Provided data —

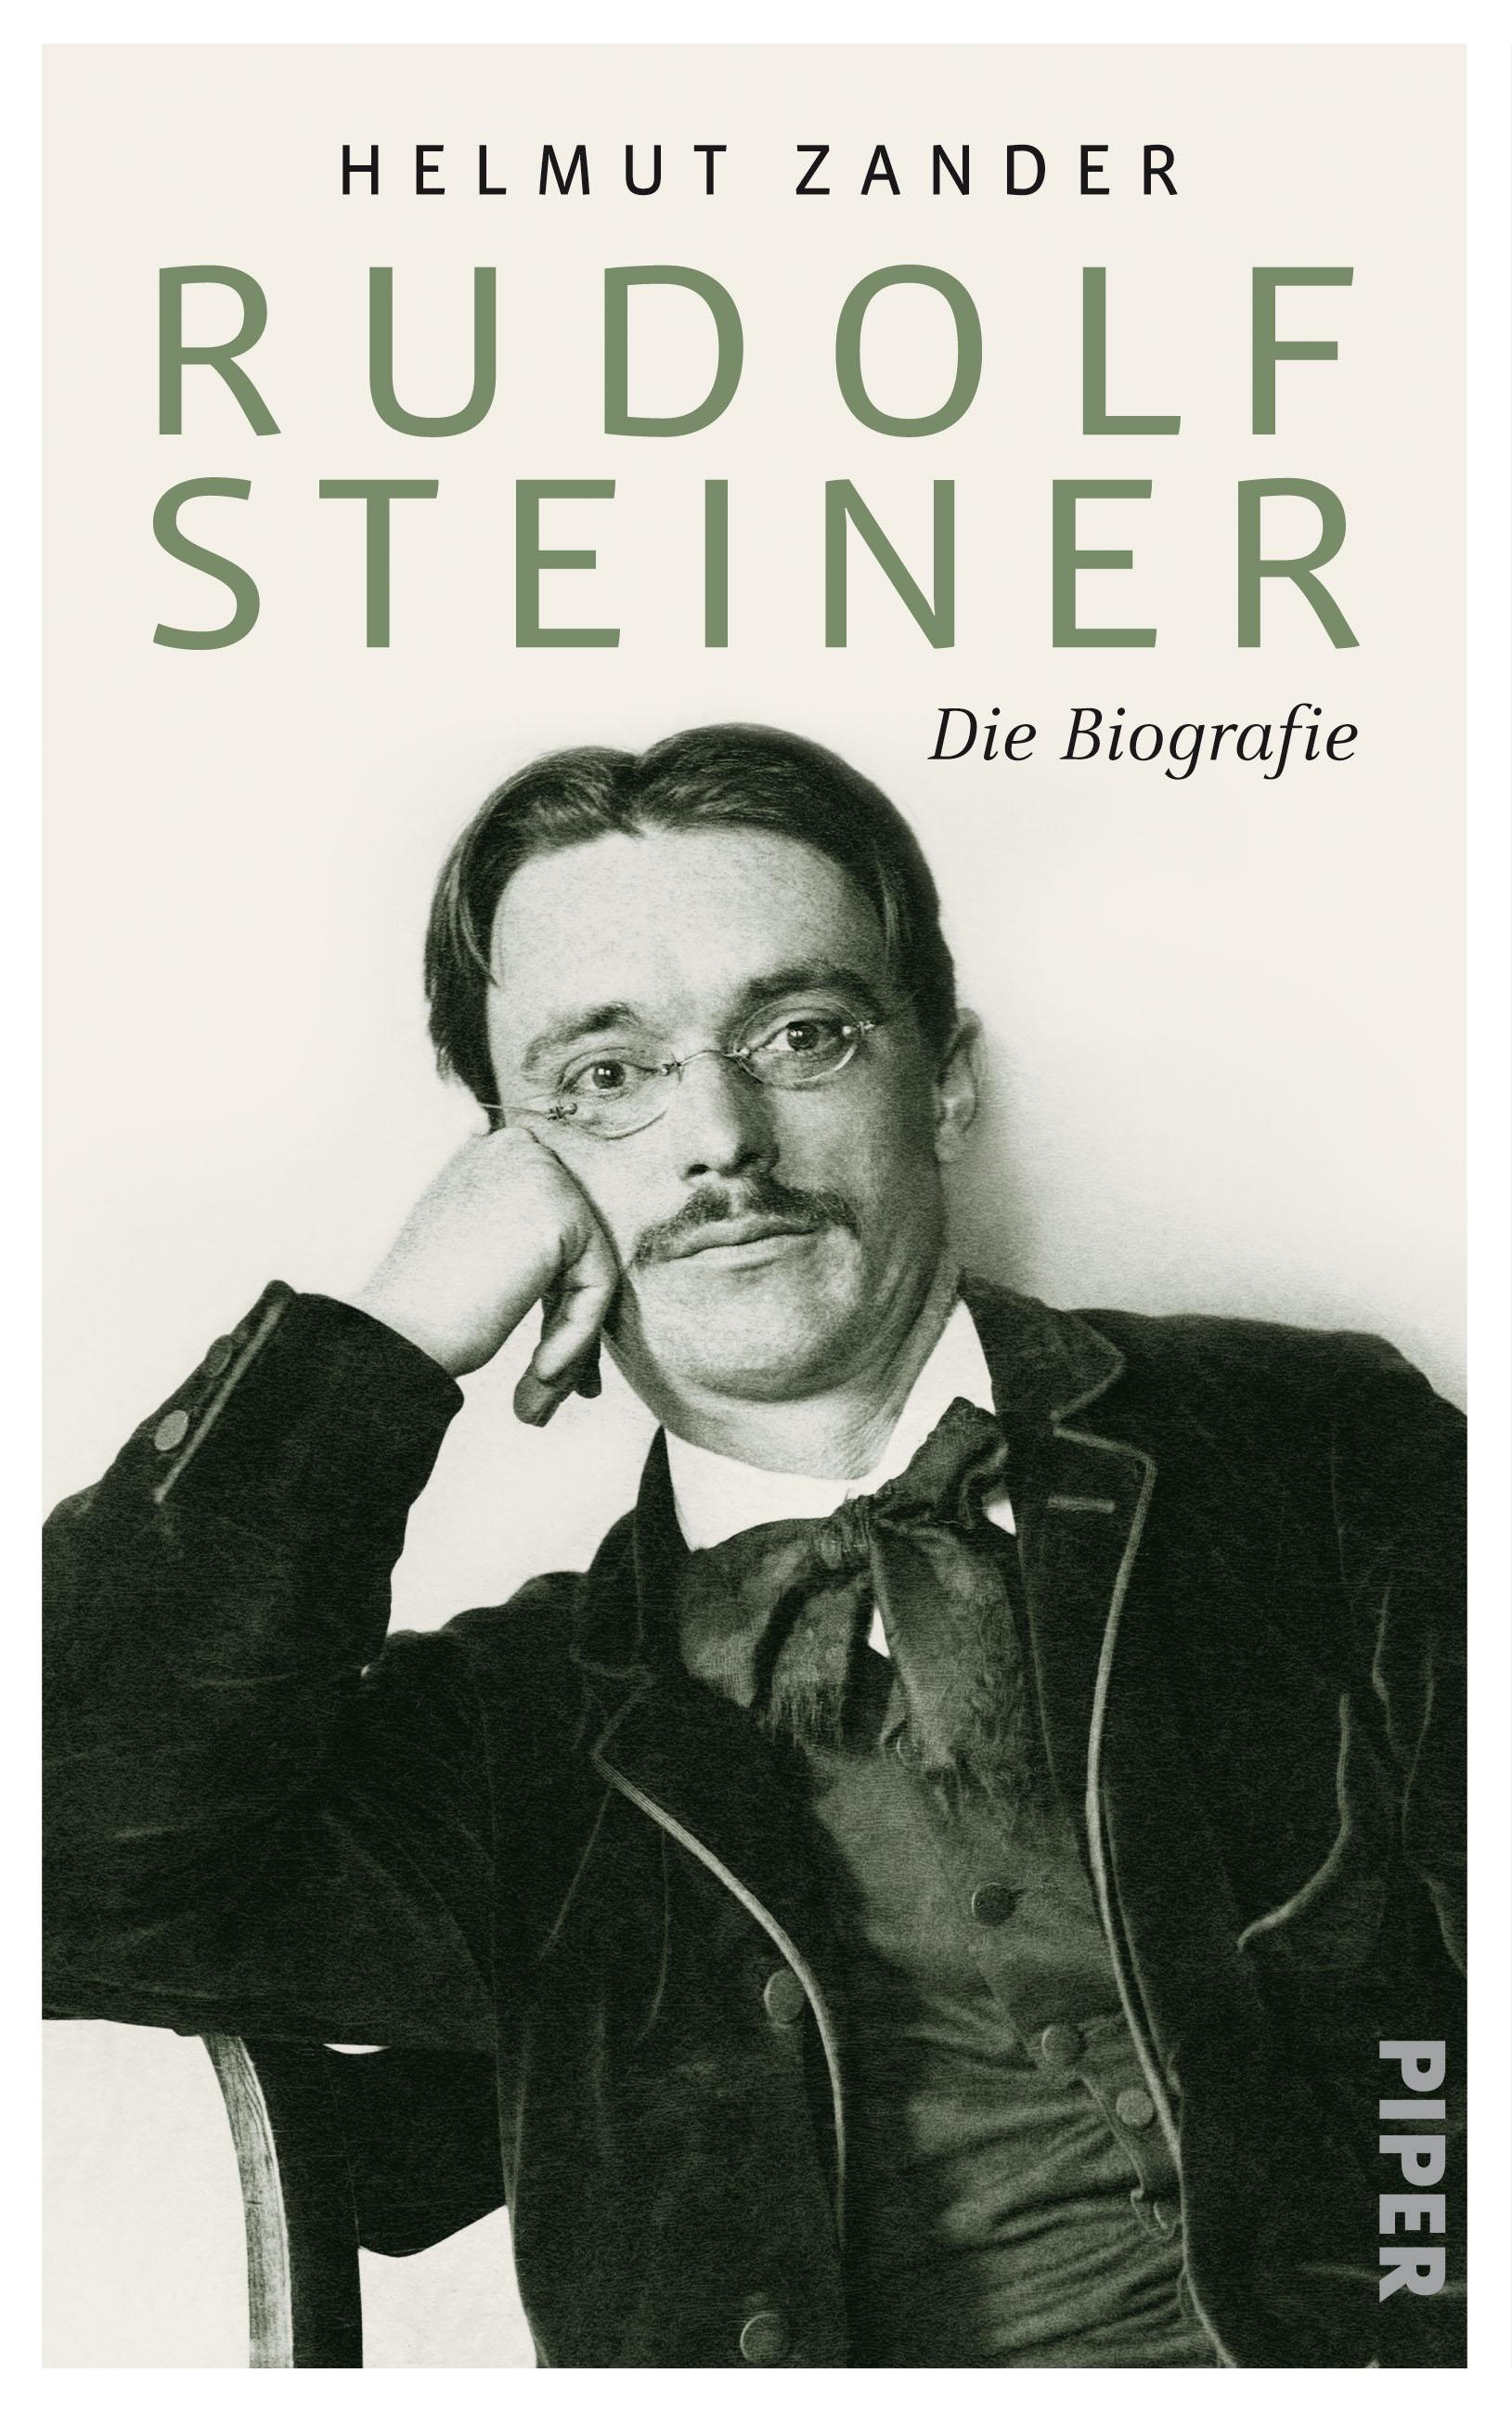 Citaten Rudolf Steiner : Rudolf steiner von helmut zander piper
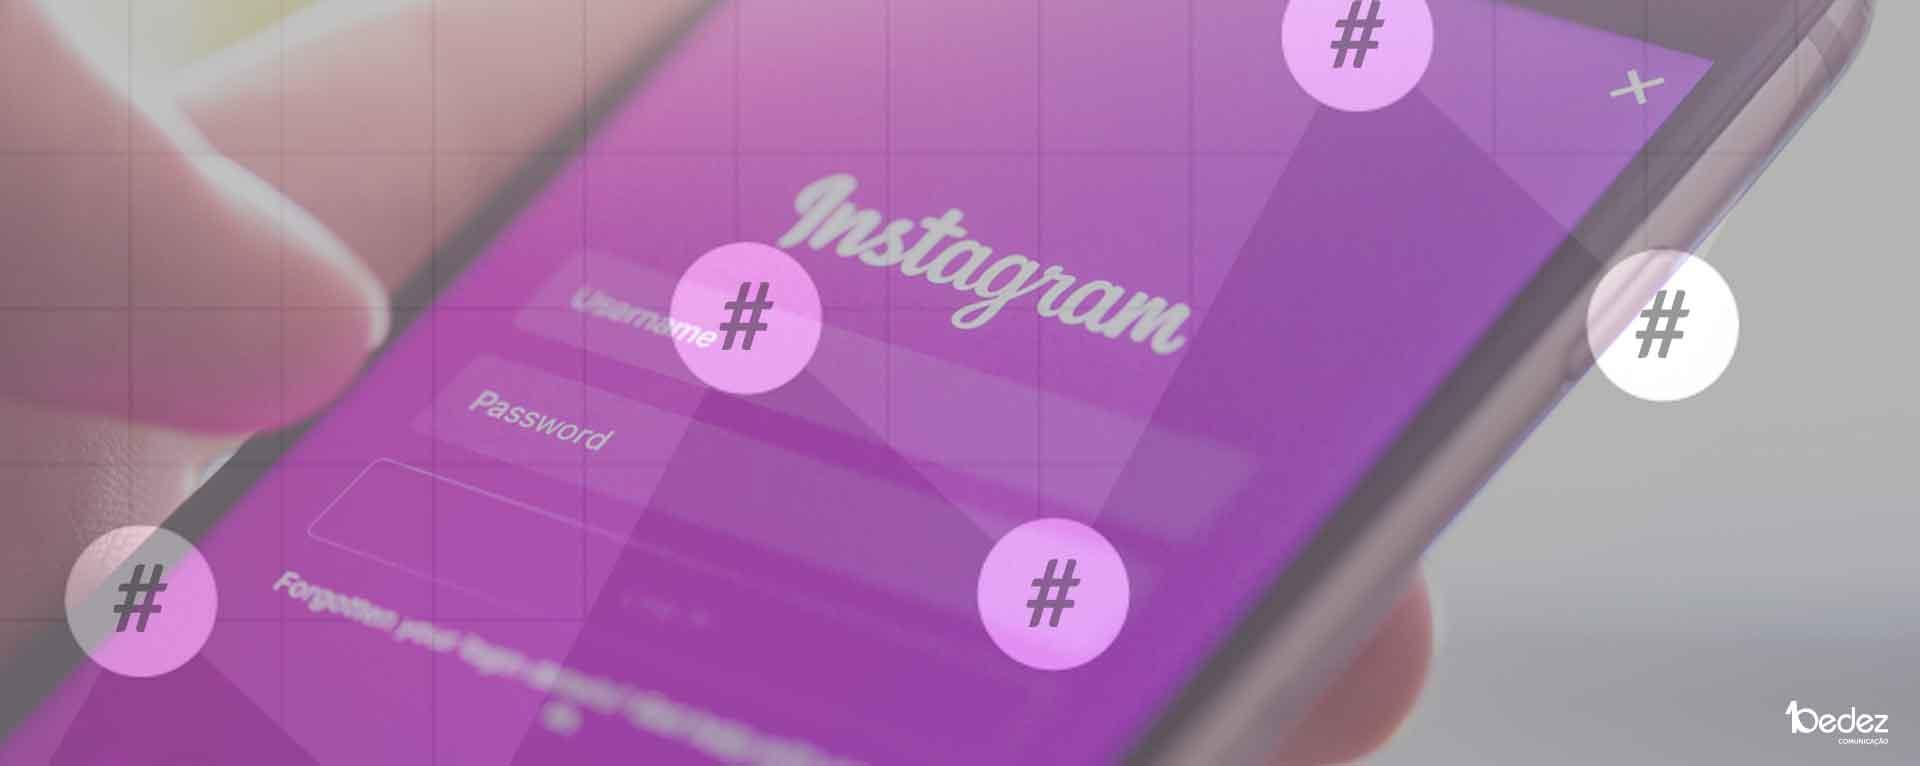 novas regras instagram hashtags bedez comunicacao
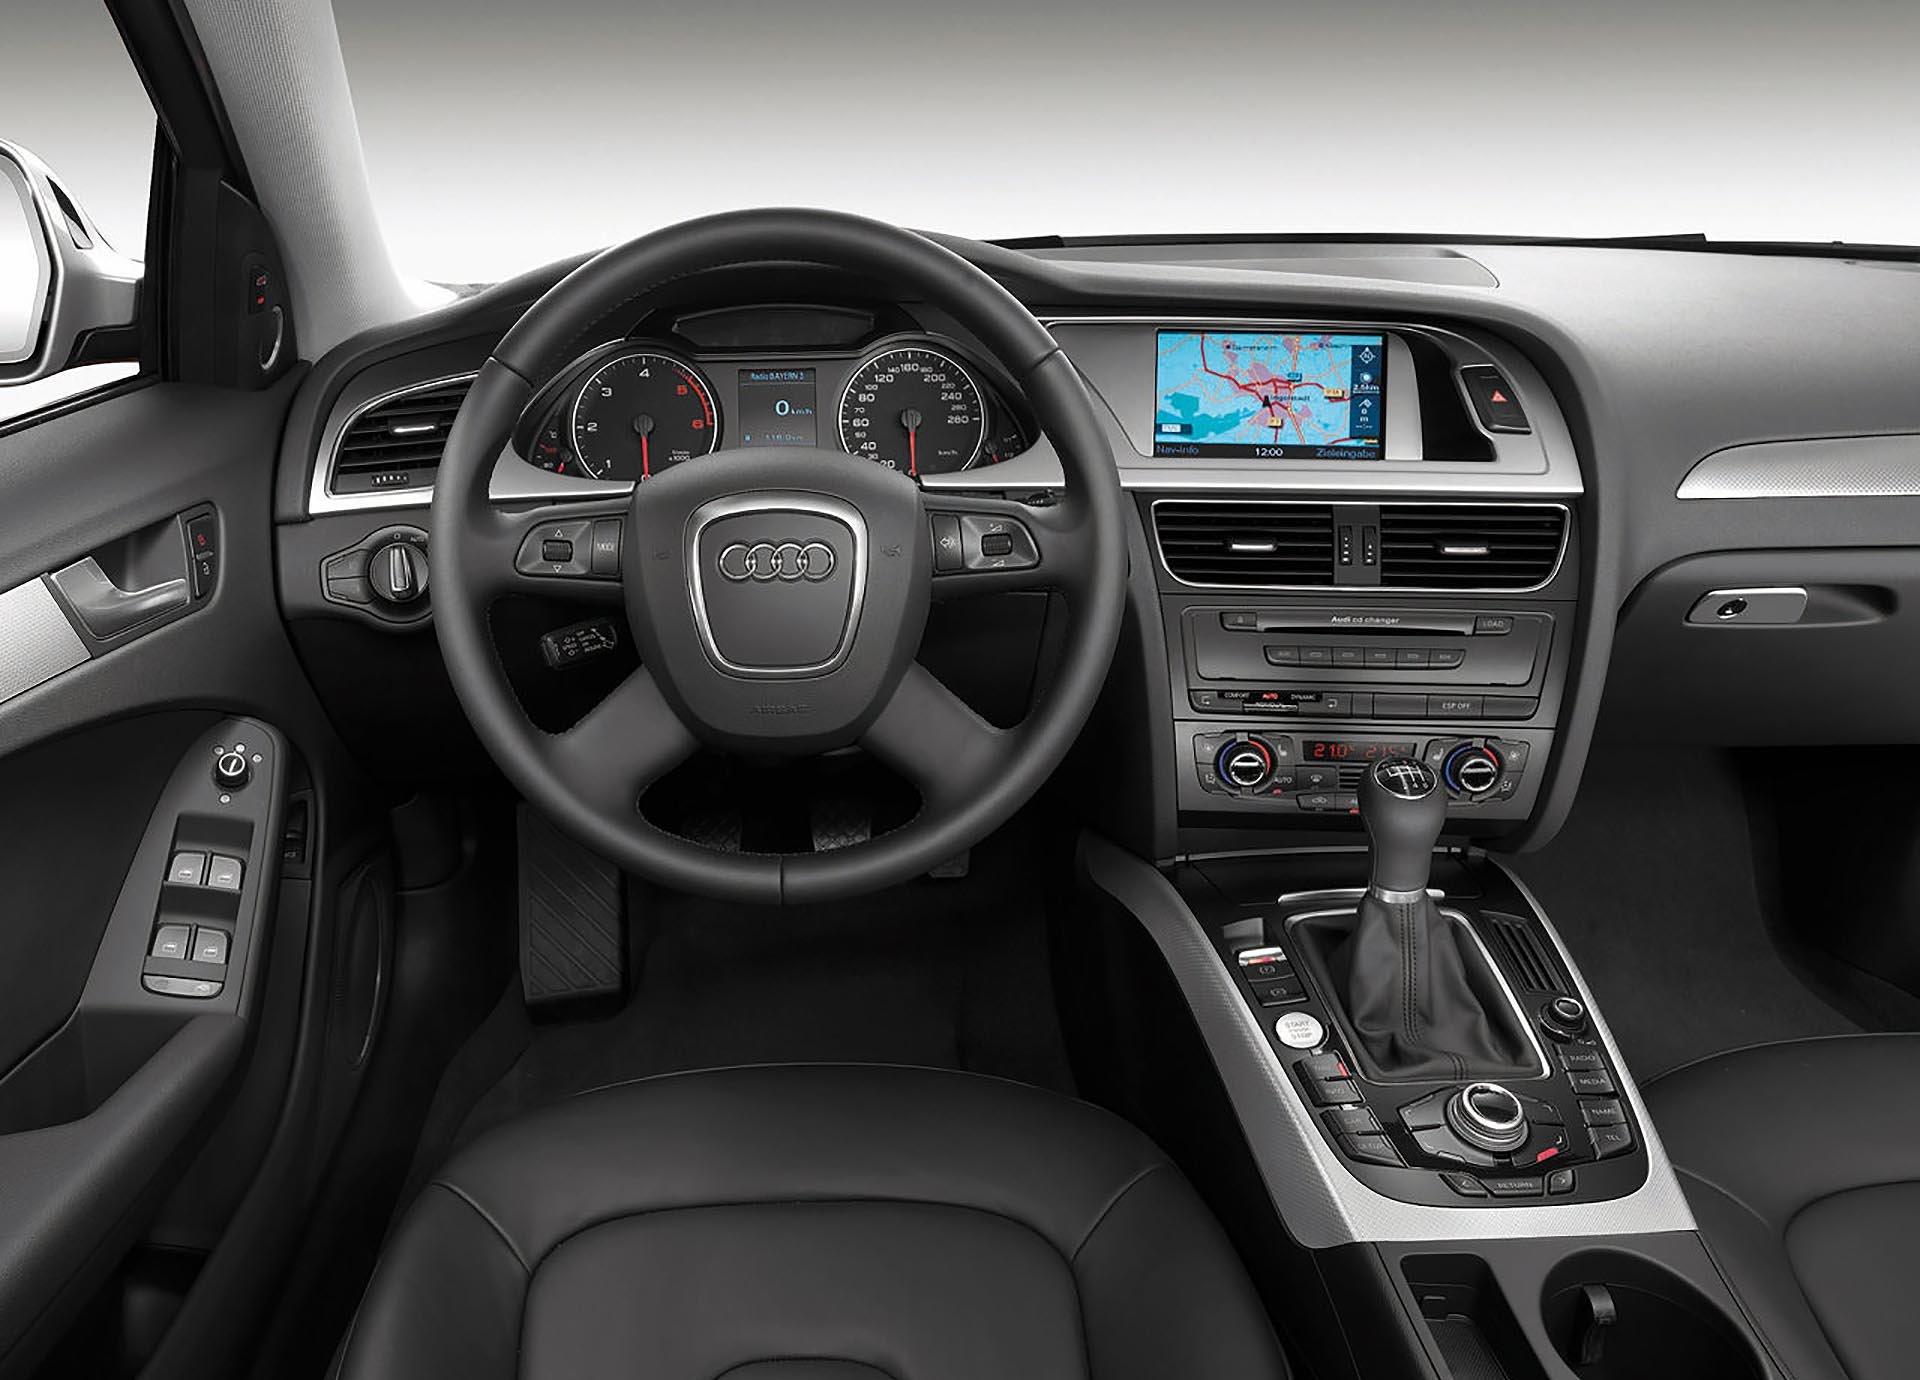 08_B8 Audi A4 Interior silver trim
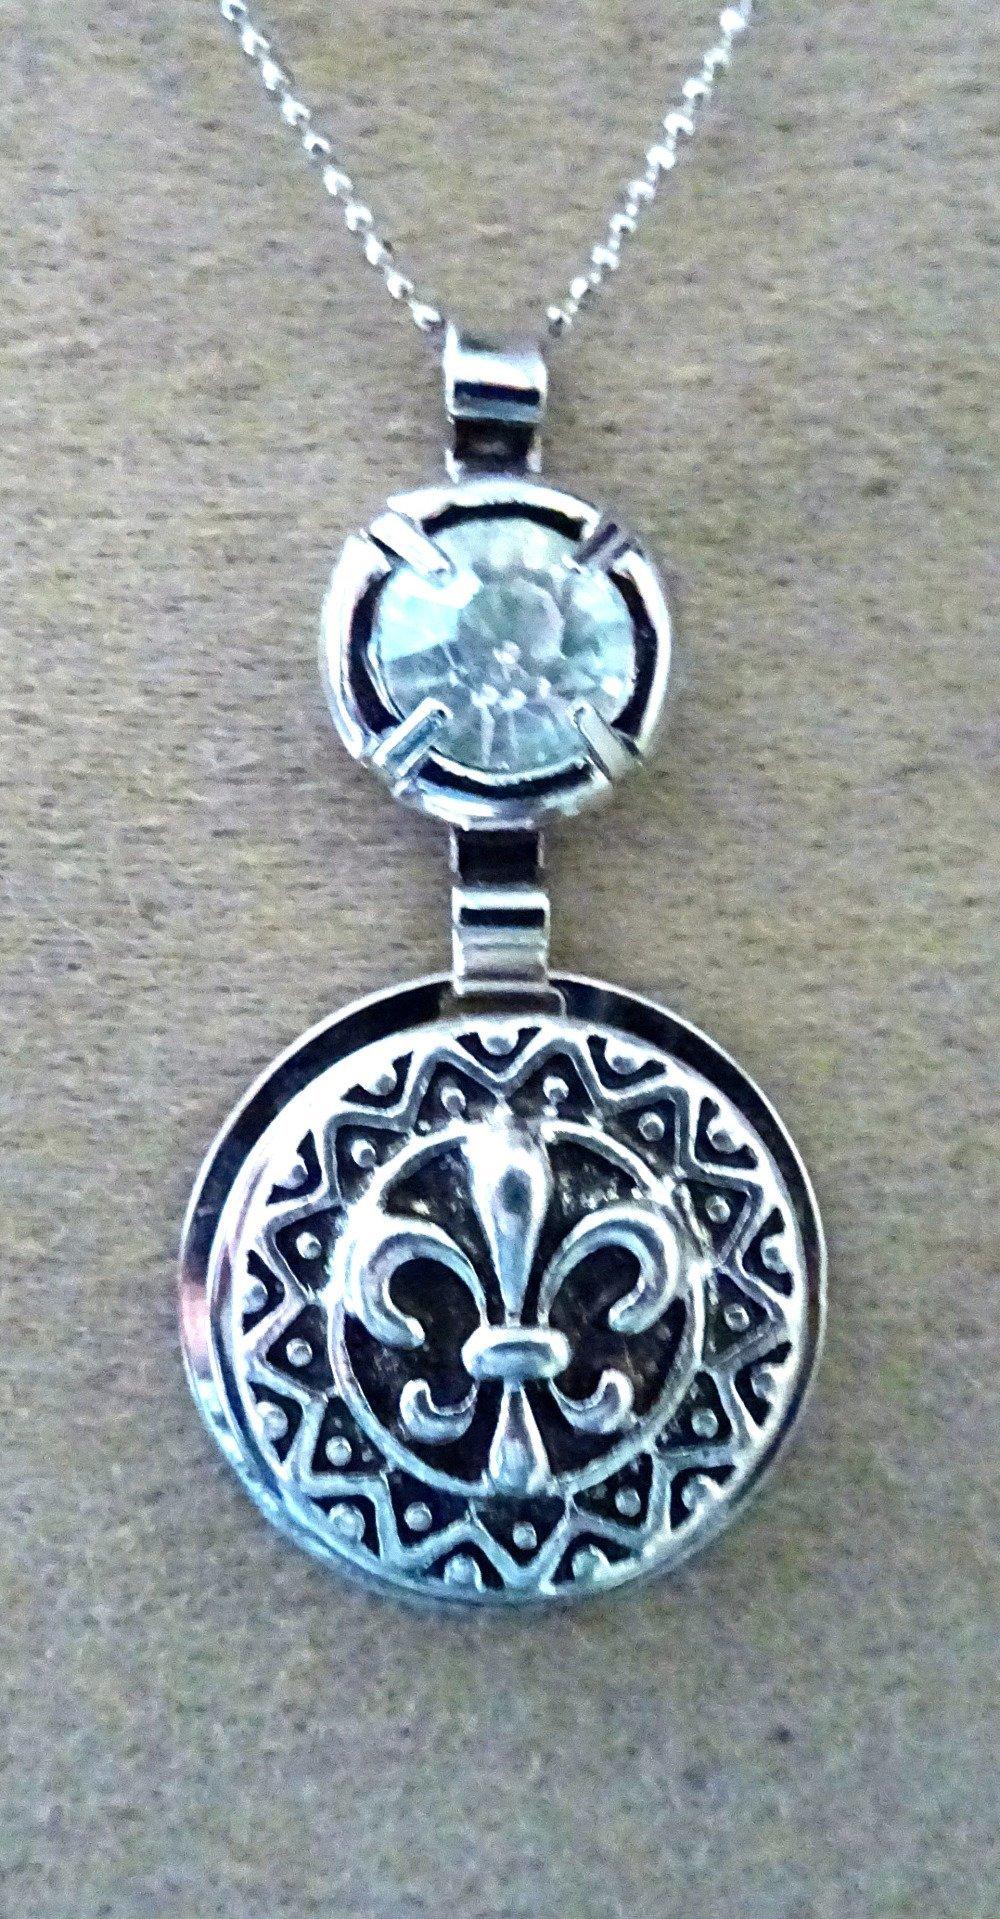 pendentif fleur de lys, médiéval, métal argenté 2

Work task —
The listing above is to be retyped word for word, with the pictures omitted.

Output for this exercise —
 Citaten Rudolf Steiner : Rudolf steiner von helmut zander piper
 novas regras instagram hashtags bedez comunicacao
 08_B8 Audi A4 Interior silver trim
 pendentif fleur de lys, médiéval, métal argenté 2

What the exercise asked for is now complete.